◆ PROBLEM STATEMENT
In the copy, every line of the material that follows must appear exactly, and no pictures should.

◆ INPUT DATA
****
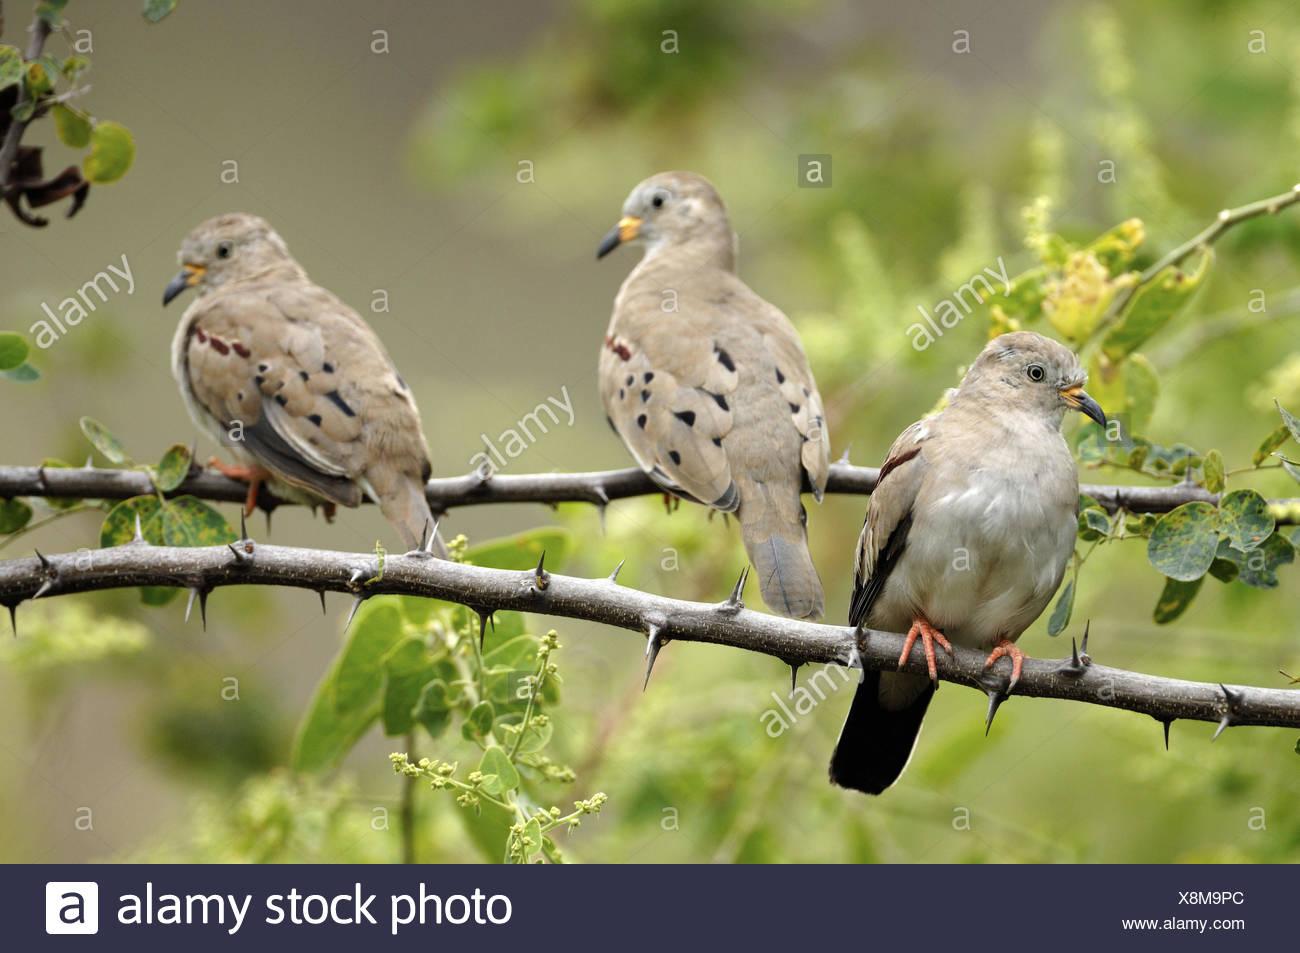 Croaking ground doves (Columbina cruziana) Chaparri Ecological Reserve, Peru, South America Stock Photo
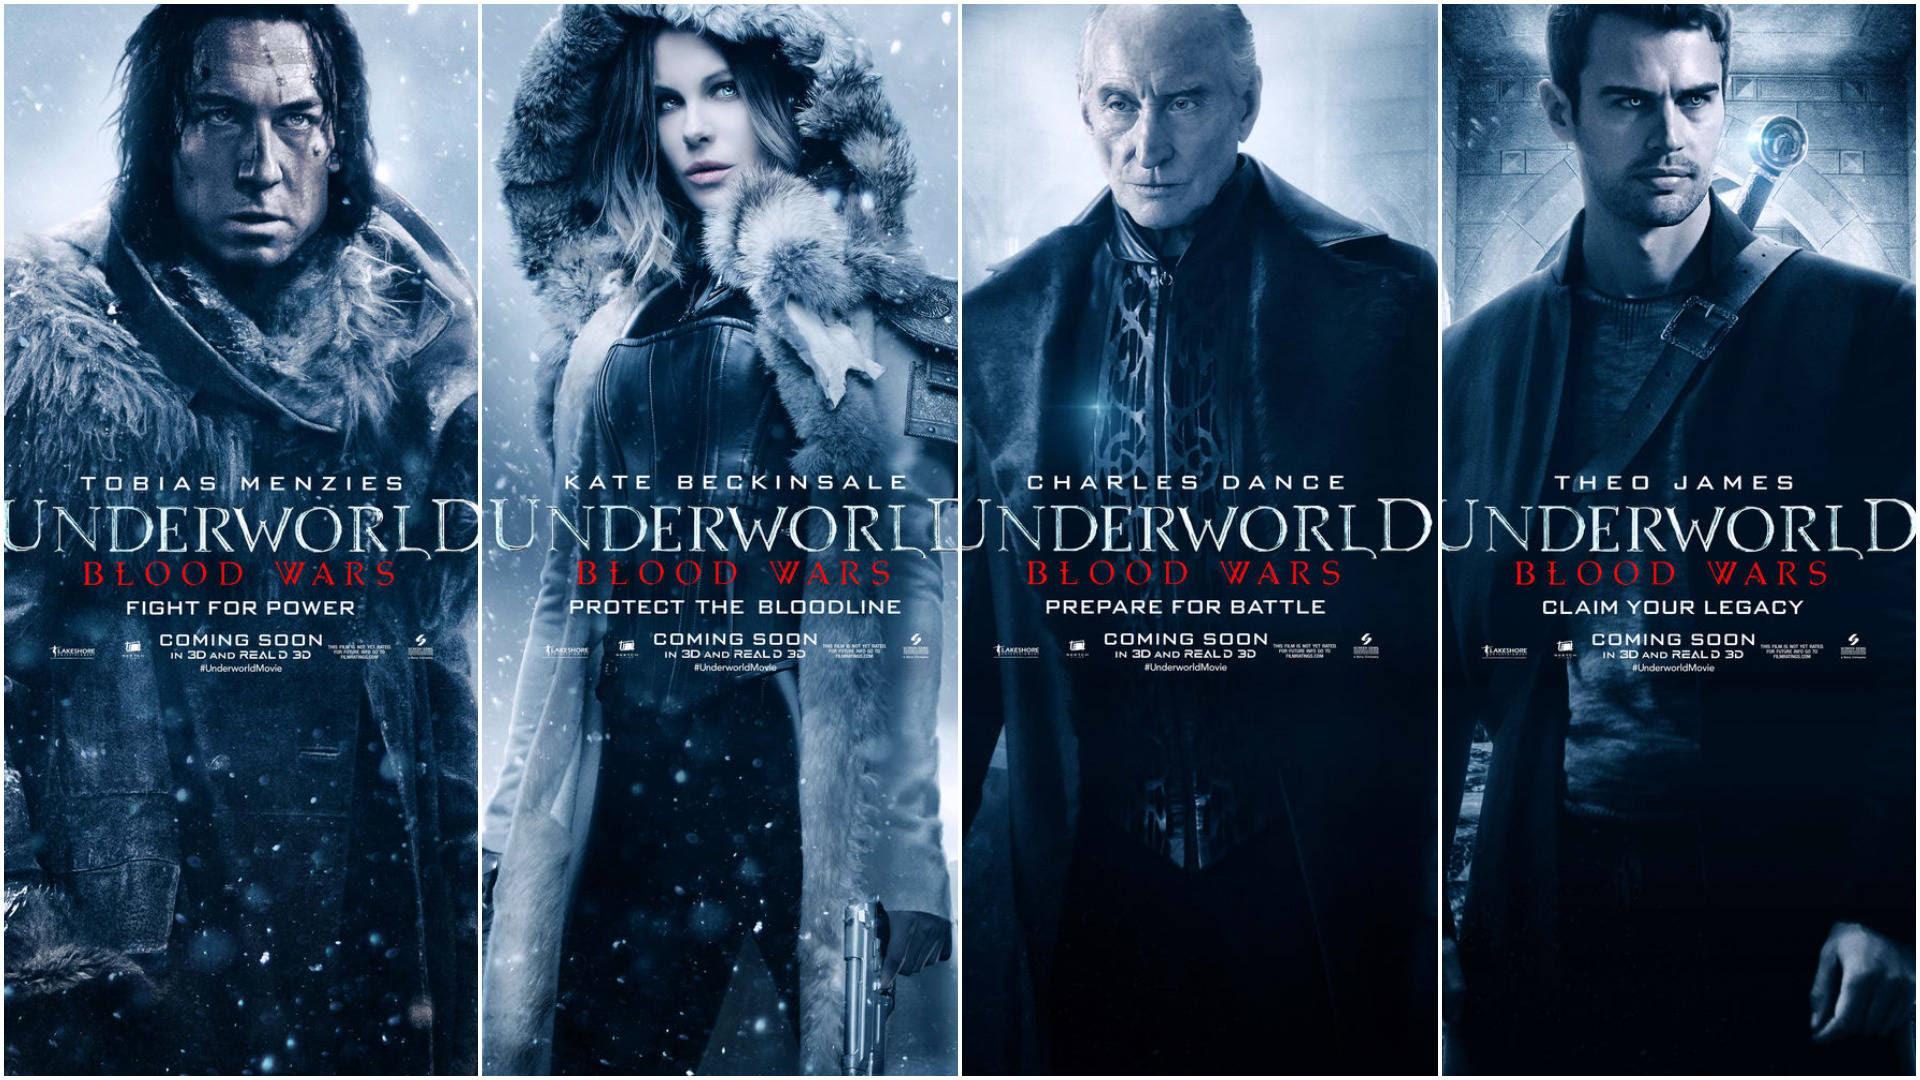 Resultado de imagem para underworld  blood wars posters
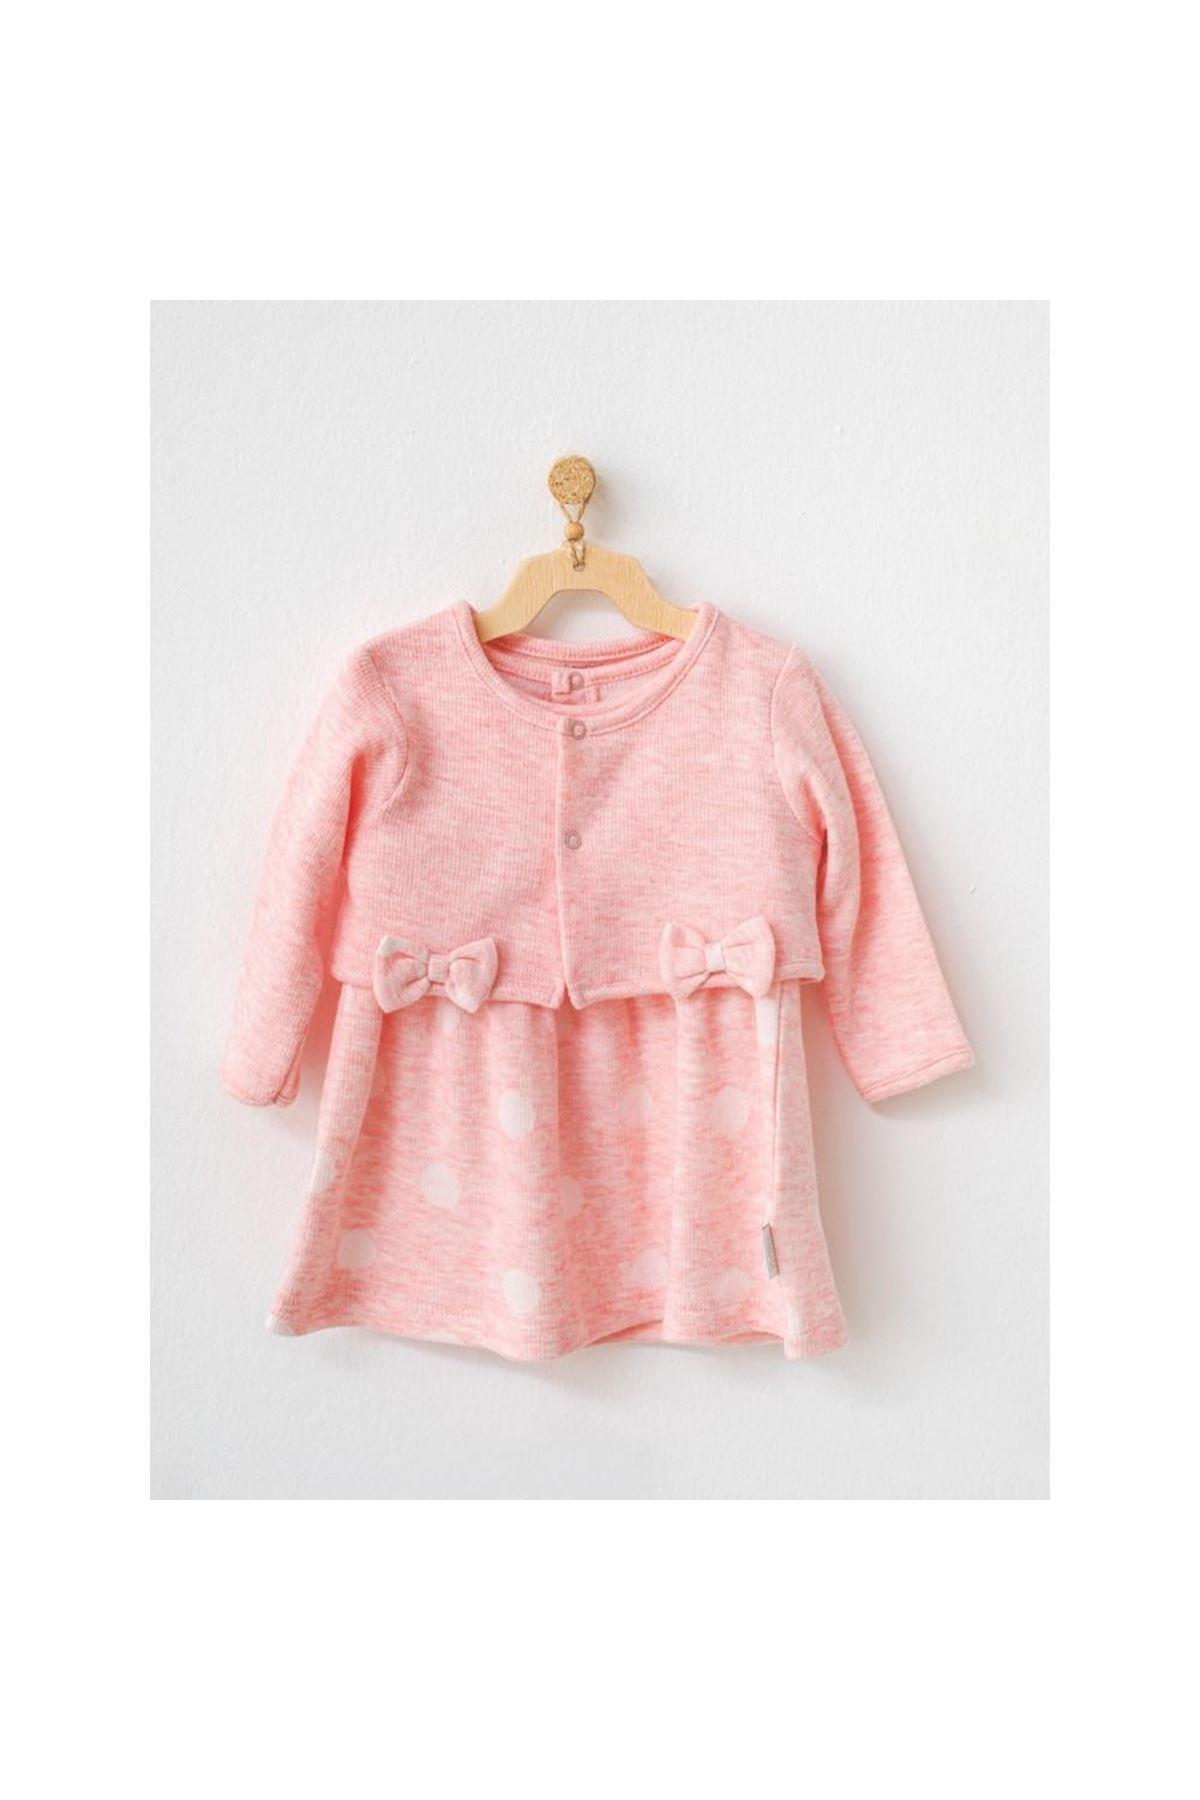 Andywawa AC21136 Polka Dot Bolero Elbise Set Pink
****
◆ RESPONSE
 Croaking ground doves (Columbina cruziana) Chaparri Ecological Reserve, Peru, South America Stock Photo
 Resultado de imagem para underworld  blood wars posters
 Andywawa AC21136 Polka Dot Bolero Elbise Set Pink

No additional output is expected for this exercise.